Uncle Fred moved his practice south when she was eighteen, and the affair with Keith ended in tears and some love poems she didn’t send. This was an encounter with risk and riotous fun she was never to experience again, and it remained inseparable from her idea of Newcastle. It could not have been replicated in London, the seat of her professional ambitions. Over many years she had been back to the northeast on various pretexts, and four occasions on circuit. It always lifted her spirits to approach the city within sight of Stephenson’s High Level Bridge over the Tyne, and to arrive like her excited teenage self, stepping off the train at Newcastle Central under the three great curved arches of John Dobson’s creation, and to come out by way of Thomas Prosser’s extravagant neoclassical porte cochere.
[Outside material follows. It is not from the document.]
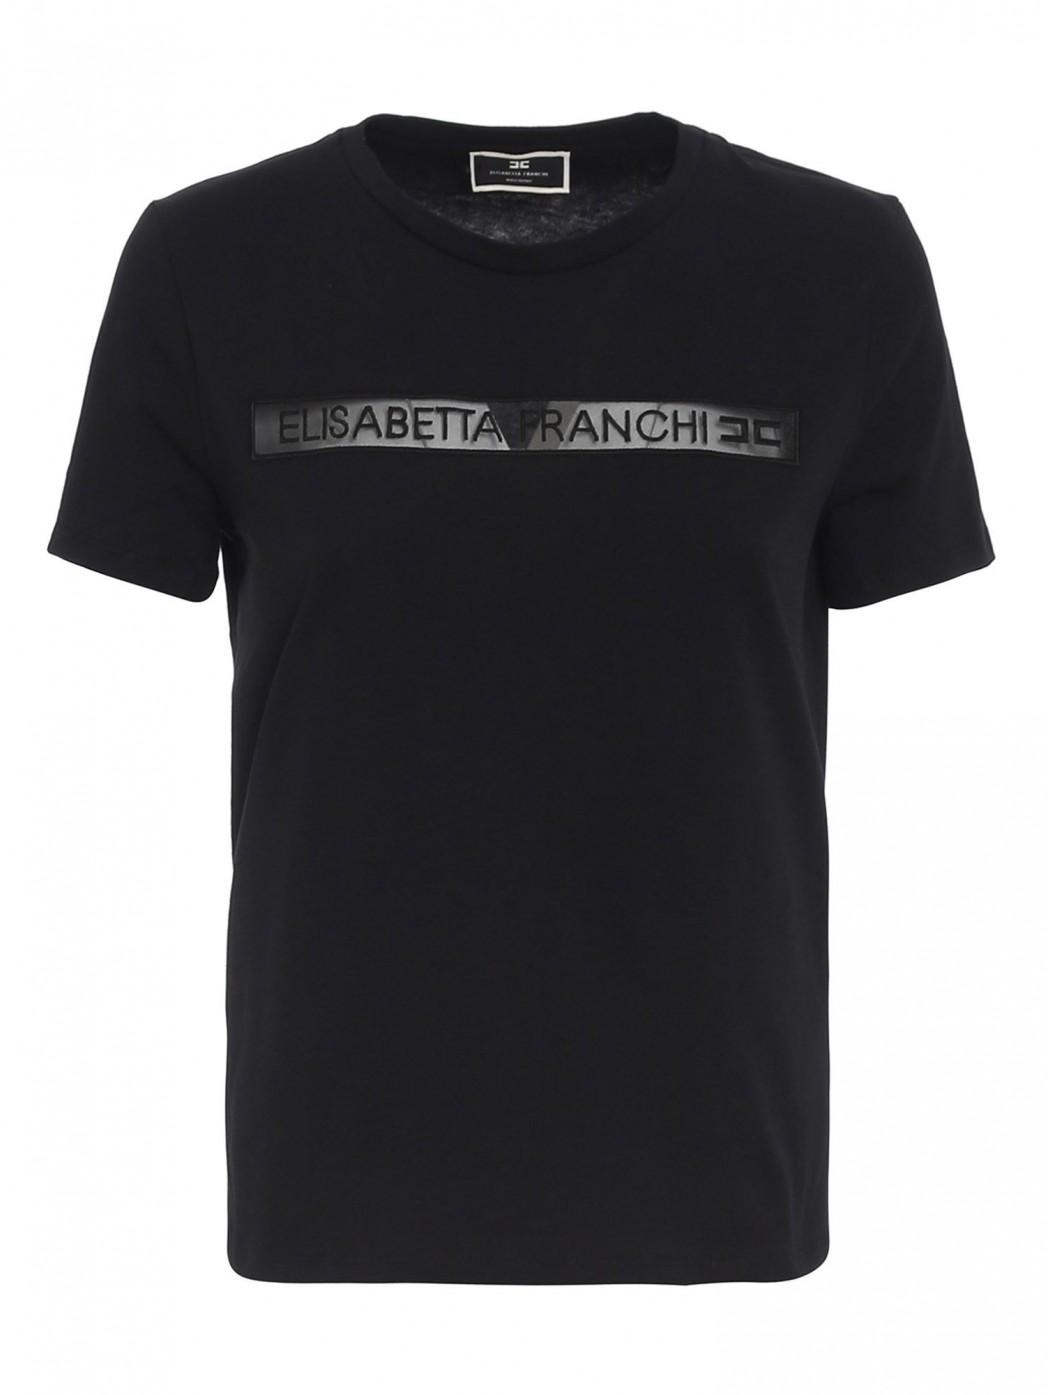 T-shirt Elisabetta Franchi con stampa ELISABETTA  FRANCHI MA18411E2 110

It was her dentist uncle, rolling up to greet her in his green Jaguar with her impatient cousins on board, who had taught her to appreciate the station and the town’s architectural treasures. She had never lost the impression of having come abroad to find herself in a Baltic city-state of curious optimism and pride. The air was keener, the light a spacious luminescent gray, the natives friendly but with sharper edges, self-conscious, or self-ironic like actors in a comedy. Alongside theirs, her southern accent sounded constricted and contrived. If, as Jack insisted, geology shaped the variety of British character and destinies, then the locals were granite, she was crumbly limestone brash. But in her girlish infatuation with the city, her cousins, the band and her first boyfriend, she believed she could change, become truer, more real, become a Geordie. Years later, the memory of that ambition could still make her smile. But it continued to haunt her whenever she returned, a hazy notion of renewal, of undiscovered potential in another life, even as her sixtieth birthday approached.